Note that we can simplify the above code, to look more like a “normal” program. Effectful functions produced by Effect.map(fn) compose just like regular functions. That’s because they are regular functions. The only difference is that the inputs and output types are Effects.

import { Effect } from 'effect'

const double = Effect.map((x: number) => x * 2)
const isBig = Effect.map((x: number) => x > 10 ? `${x} is big` : `${x} is small`)

const three = Effect.succeed(3)
const isTwelveBig = double(double(isBig(three)))
console.log(Effect.runSync(isTwelveBig)) // --> 12 is big

Let’s revisit our model of what an Effect is. Let’s see what happens when we log the Effect without running it.

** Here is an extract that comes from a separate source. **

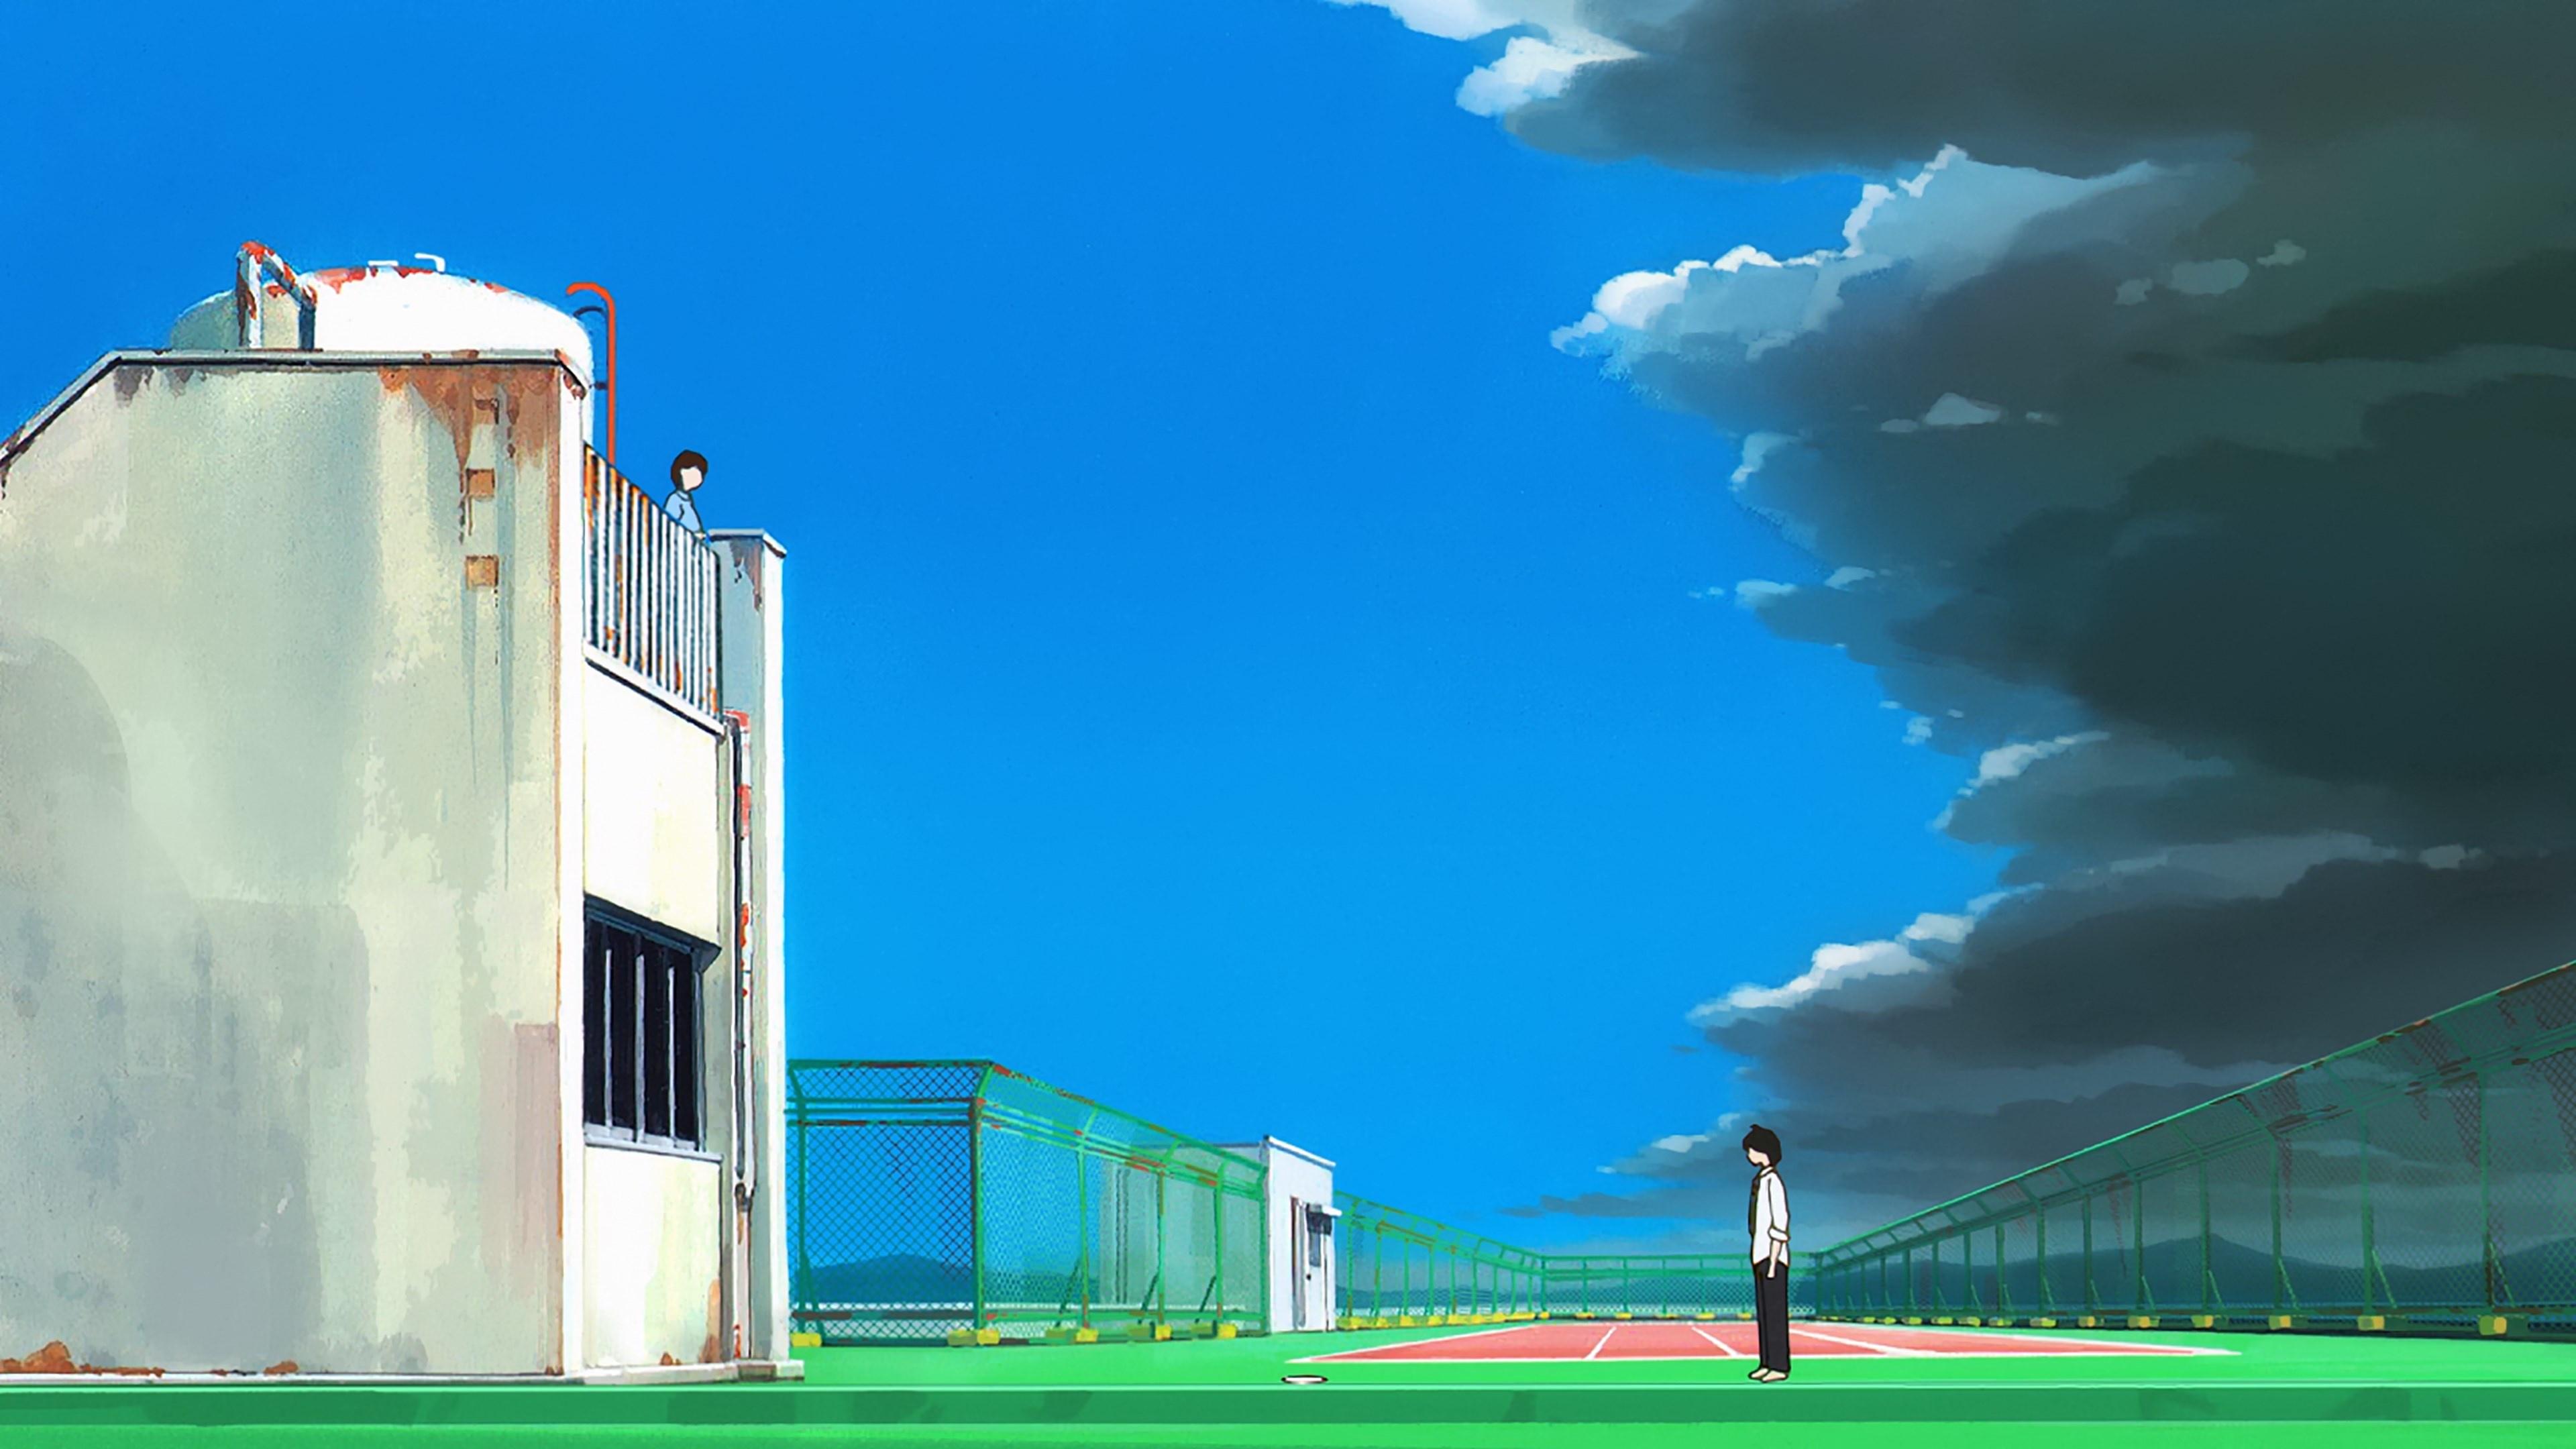 Guitar, Loneliness, and Blue Planet: A deeper look into Bocchi the Rock's  protagonist., by bike
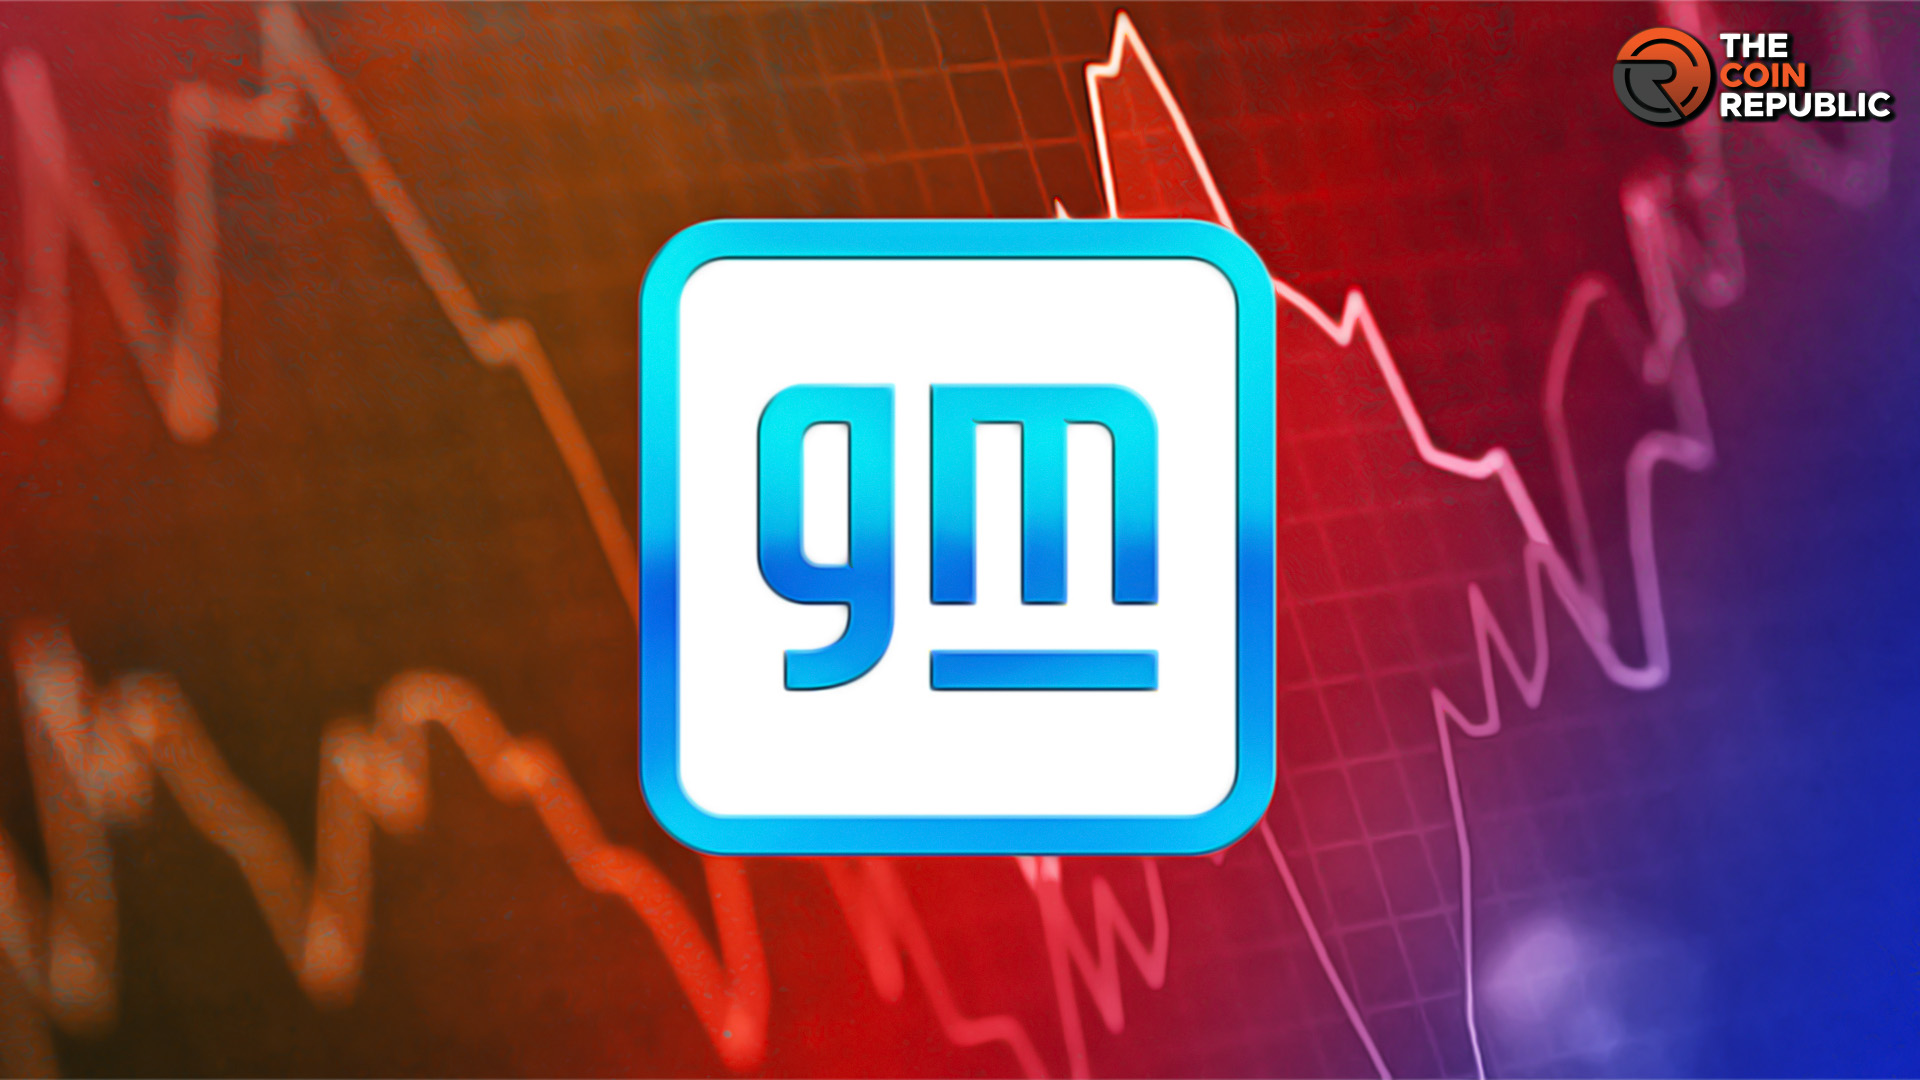 GM Stock: Will General Motors Stock Reach the $40 Level?

import { Effect } from "effect";

const double = Effect.map((x: number) => x * 2);
const isBig = Effect.map((x: number) =>
  x > 10 ? `${x} is big` : `${x} is small`,
);

const three = Effect.succeed(3);
const six = double(three);
const twelve = double(six);
const isTwelveBig = isBig(twelve);
console.log("three is", three);
console.log("six is", six);
console.log("twelve is", twelve);
console.log("isTwelveBig is", isTwelveBig);

We can see that as we build up increasingly nested function calls, we also build an increasingly nested Effect data structure.

$ npx tsx main.ts
three is { _id: 'Exit', _tag: 'Success', value: 3 }
six is {
  _id: 'Effect',
  _op: 'OnSuccess',
  effect_instruction_i0: { _id: 'Exit', _tag: 'Success', value: 3 },
  effect_instruction_i1: [Function (anonymous)],
  effect_instruction_i2: undefined
}
twelve is {
  _id: 'Effect',
  _op: 'OnSuccess',
  effect_instruction_i0: {
    _id: 'Effect',
    _op: 'OnSuccess',
    effect_instruction_i0: { _id: 'Exit', _tag: 'Success', value: 3 },
    effect_instruction_i1: [Function (anonymous)],
    effect_instruction_i2: undefined
  },
  effect_instruction_i1: [Function (anonymous)],
  effect_instruction_i2: undefined
}
isTwelveBig is {
  _id: 'Effect',
  _op: 'OnSuccess',
  effect_instruction_i0: {
    _id: 'Effect',
    _op: 'OnSuccess',
    effect_instruction_i0: {
      _id: 'Effect',
      _op: 'OnSuccess',
      effect_instruction_i0: [Object],
      effect_instruction_i1: [Function (anonymous)],
      effect_instruction_i2: undefined
    },
    effect_instruction_i1: [Function (anonymous)],
    effect_instruction_i2: undefined
  },
  effect_instruction_i1: [Function (anonymous)],
  effect_instruction_i2: undefined
}

We can see more clearly how an Effect conceptually represents a computer program. The structure of the Effect mirrors the structure of the program it represents. The Effect data structure looks like a tree. A larger Effect tree can be composed from smaller Effect trees, for example by composing function calls. It’s composition all the way down.

Let’s recap.

  • Effect-the-module contains functions for constructing, transforming and running Effects.
  • Effect-the-data-type is an in-memory representation of a program.
  • To run the program and obtain an output value, you must explicitly run the Effect.
  • Effect.map has a dual function signature, for convenience.
  • Effect.map(effect, fn) transforms an Effect into another Effect by lazily applying a function.
  • Effect.map(fn) transforms a plain function into an Effectful function.
  • Effectful functions are composable.
  • Effect.map(fn)(effect) and Effect.map(effect, fn) are equivalent.